An ERA of GM crops is conducted on a case-by-case basis using a weight of evidence approach and considering all relevant information. For the insect-protected GM crops, a step-wise, tiered testing approach using surrogate species is used since it is the recommended procedure to assess for potential effects on non-target organisms in many regulatory frameworks (Romeis et al. 2008, 2013). In the earliest tier, a battery of key arthropods with both agricultural and worldwide relevance is tested at doses of a test material (e.g. purified protein or dsRNA) well above those typically expressed in the plant. If the results of the first-tier studies require refinement, then higher-tiered testing may be conducted to address uncertainty in the risk assessment under progressively more realistic situations, and ultimately under field conditions if needed. In the case of insecticidal traits (DvSnf7 and Cry3Bb1) expressed in MON 87411, the tiered testing has not progressed beyond the early tiers due to the restricted activity spectrum of these traits (Palmer and Krueger 1999; Sinderman et al. 2002; Duan et al. 2008a, b; Li et al. 2008, 2010; Bachman et al. 2013). However, field studies to evaluate the effects of Cry3Bb1 on NTAs have been conducted and revealed no adverse effects to non-target arthropods (Ahmad et al. 2006; Bhatti et al. 2005a, b; Rauschen et al. 2010a, b; Rosca and Cagan 2012a, b; Svobodova et al. 2012a, b). To complement the portion of the NTA risk assessment focusing on adverse environmental effects, NTA field evaluations conducted as a part of plant characterization were also used to confirm findings from the lower-tier laboratory testing. We conducted a comprehensive field evaluation across three distinct geographic regions to understand how the NTAs that are most closely associated with the plant may respond to the introduction of MON 87411.

NTA abundance

Across all regions, a total of 128 individual-site statistical comparisons were made between MON 87411 and the conventional control for arthropod abundance representing 20 taxa including: ant-like flower beetle, Notoxus monodon (Coleoptera: Anthicidae); aphid, several spp. (Homoptera: Aphididae); big-eyed bug, Geocoris spp. (Hemiptera: Geocoridae); corn flea beetle, Chaetocnema pulicaria (Coleoptera: Chrysomelidae); cornsilk fly, Euxesta stigmatias (Diptera: Otitidae); predatory earwig (Dermaptera: Forficulidae); delphacid planthopper (Delphacidae); lacewing, Chrysoperla spp. (Neuroptera: Chrysopidae); ladybird beetle, several spp. (Coleoptera: Coccinellidae); leafhopper, Dalbulus maidis (Homoptera: Cicadellidae); long-legged fly, Dolichopus spp. (Diptera: Dolichopodidae); Maecolapsis sp. (Coleoptera; Chrysomelidae); minute pirate bug, Orius insidiosus (Hemiptera: Anthocoridae); parasitic wasp, several spp. (Hymenoptera); predatory ground beetle, several spp. (Coleptera: Carabidae); sap beetle, several spp. (Coleoptera: Nitidulidae); shining flower beetle, Phalacrus politus (Coleoptera: Phalacridae); spider, several spp. (Araneae); spotted maize beetle, Astylus atromaculatus (Coleoptera: Melyridae); and hover fly, Toxomerus spp. (Syrphidae) (Tables 2, 3, 4).

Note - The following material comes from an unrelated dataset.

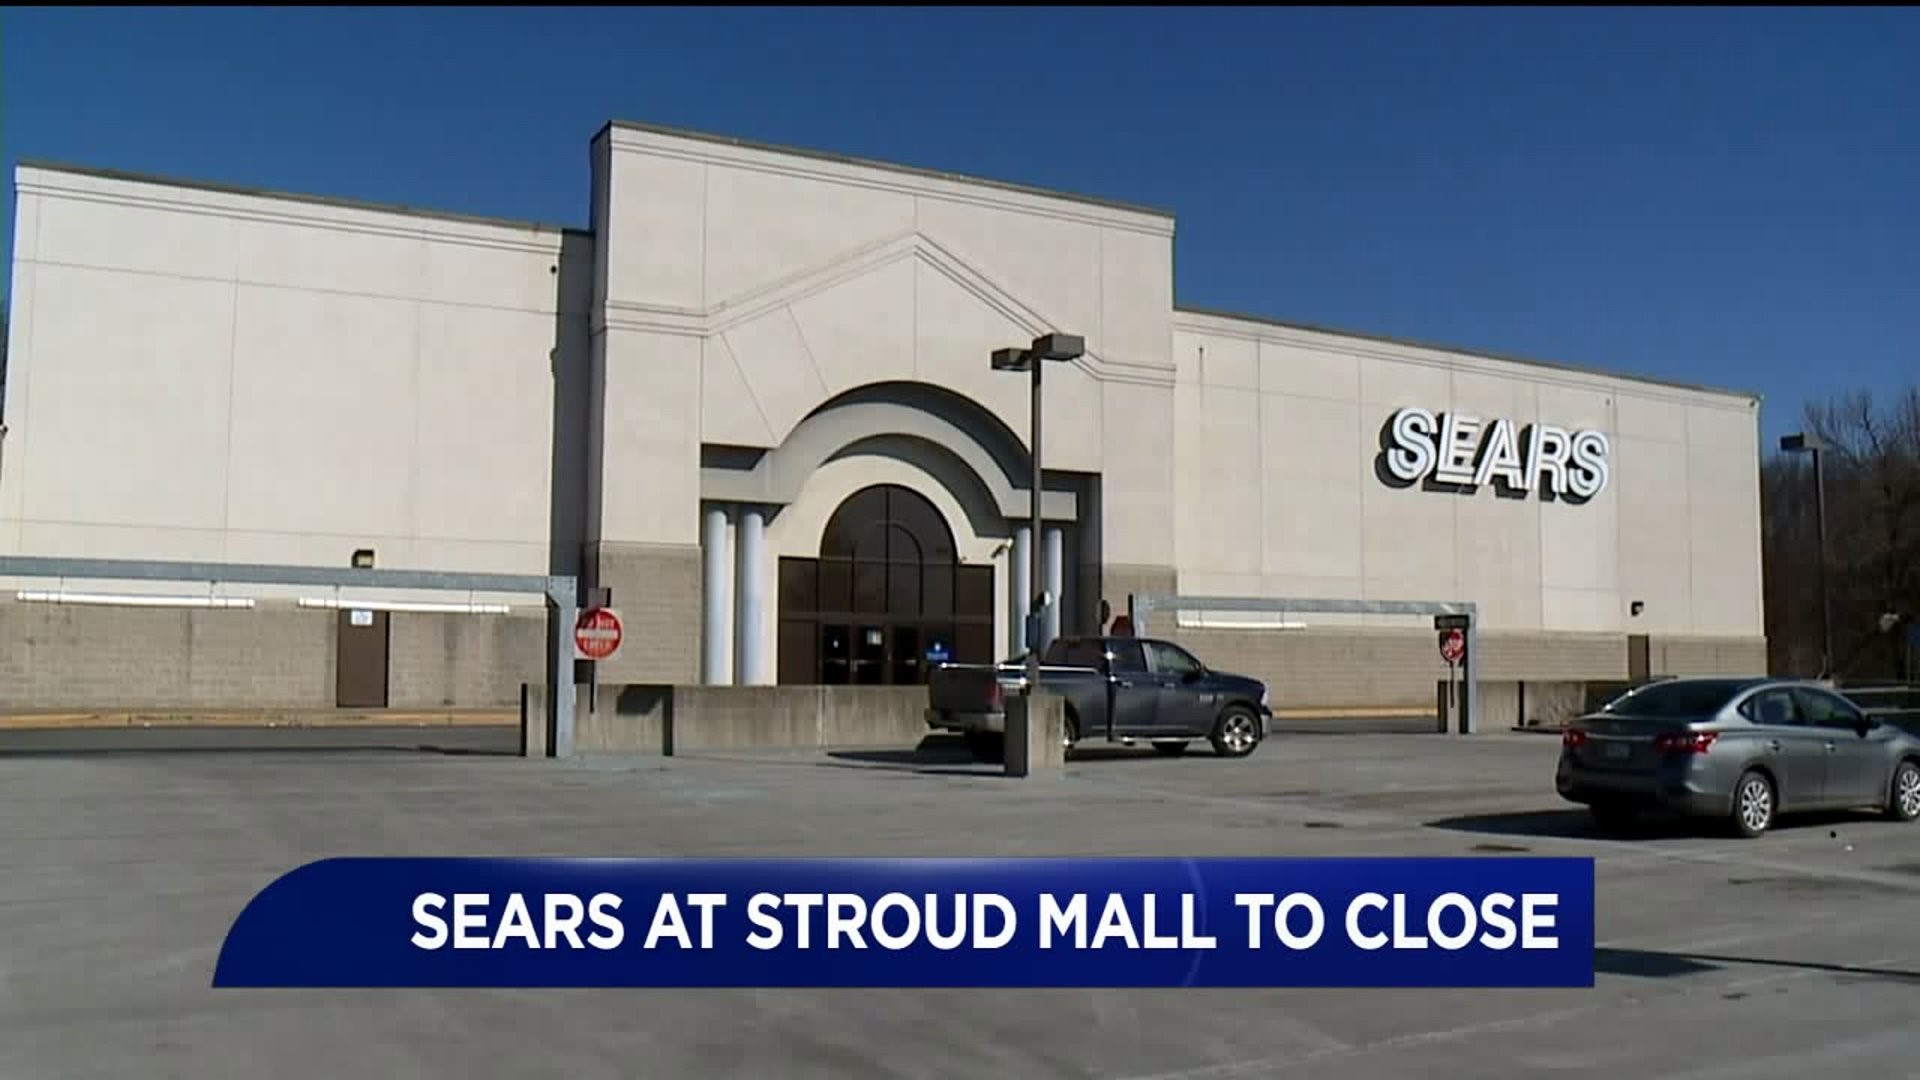 Sears at Stroud Mall to Close

Lack of sufficient arthropod abundance precluded statistical comparisons between MON 87411 and the conventional control for 108 additional comparisons; however, descriptive statistics were provided for these comparisons (Supplementary material).

Table 2 Abundance of arthropods (Mean/Plot) determined using sticky traps and visual counts for MON 87411, conventional control, and references in 2012 US Field Trials
Table 3 Abundance of arthropods (Mean/Plot) determined using sticky traps and visual counts for MON 87411, conventional control, and references in 2012–2013 Argentina Field Trials
Table 4 Abundance of Arthropods (Mean/Plot) Determined Using Sticky Traps and Visual Counts for MON 87411, Conventional Control, and References in 2013-14 Brazil Field Trials

Across all three regions, no statistically significant differences were detected between MON 87411 and the conventional control for 123 of the 128 comparisons (96.1 %). In the U.S., statistically significant differences were detected in two taxa; aphid and ladybird beetle (Table 2). The mean abundance of aphids associated with MON 87411 was higher than the conventional control at one of the two sites where aphids were observed (P = 0.0132). However, the mean value for aphid abundance associated with MON 87411 was within the range of the commercial reference hybrids (MON 87411 mean = 5.1 per plot; reference range 4.9–7.5 per plot). The mean abundance of ladybird beetles was higher for MON 87411 than the conventional control at one of the three sites where ladybird beetles were observed. The mean abundance value for ladybird beetles associated with MON 87411 was slightly outside the range of the commercial reference hybrids (MON 87411 mean = 17.6 per plot; reference range 13.1–16.8 per plot). In Argentina, a single statistically significant difference was detected where MON 87411 had higher spotted maize beetle abundance compared to the conventional control at one of the four sites where spotted maize beetle was observed (P = 0.0345) (Table 3). The mean abundance value for spotted maize beetle on MON 87411 was slightly outside the range of the commercial reference hybrids (MON 87411 mean = 8.8 per plot; reference range 3.8–7.6 per plot). In Brazil, statistically significant differences were detected in two taxa; cornsilk fly and predatory earwig (Table 4). The mean abundance of cornsilk fly associated with MON 87411 was higher than the conventional control at one of the six sites where cornsilk fly was observed (P = 0.0014). The mean abundance value for cornsilk fly associated with MON 87411 was slightly outside the range of the commercial reference hybrids (MON 87411 mean = 54.3 per plot; reference range 38.3–47.3 per plot). The mean abundance of predatory earwig was lower for MON 87411 than the conventional control at one of the three sites where predatory earwig was observed. (P = 0.005). However, the mean value of predatory earwig abundance on MON 87411 was within the range of commercial reference hybrids (MON 87411 mean = 2.8 per plot; reference range 2.5–5.0 per plot).

In each case where no differences were detected or where differences were detected in NTA abundance, the mean value for MON 87411 was within the reference range and/or the difference was not consistently observed across collection methods and/or sites. Thus, these differences were not indicative of a consistent response associated with the trait and are not considered biologically meaningful in terms of adverse environmental impact of MON 87411 compared to conventional maize.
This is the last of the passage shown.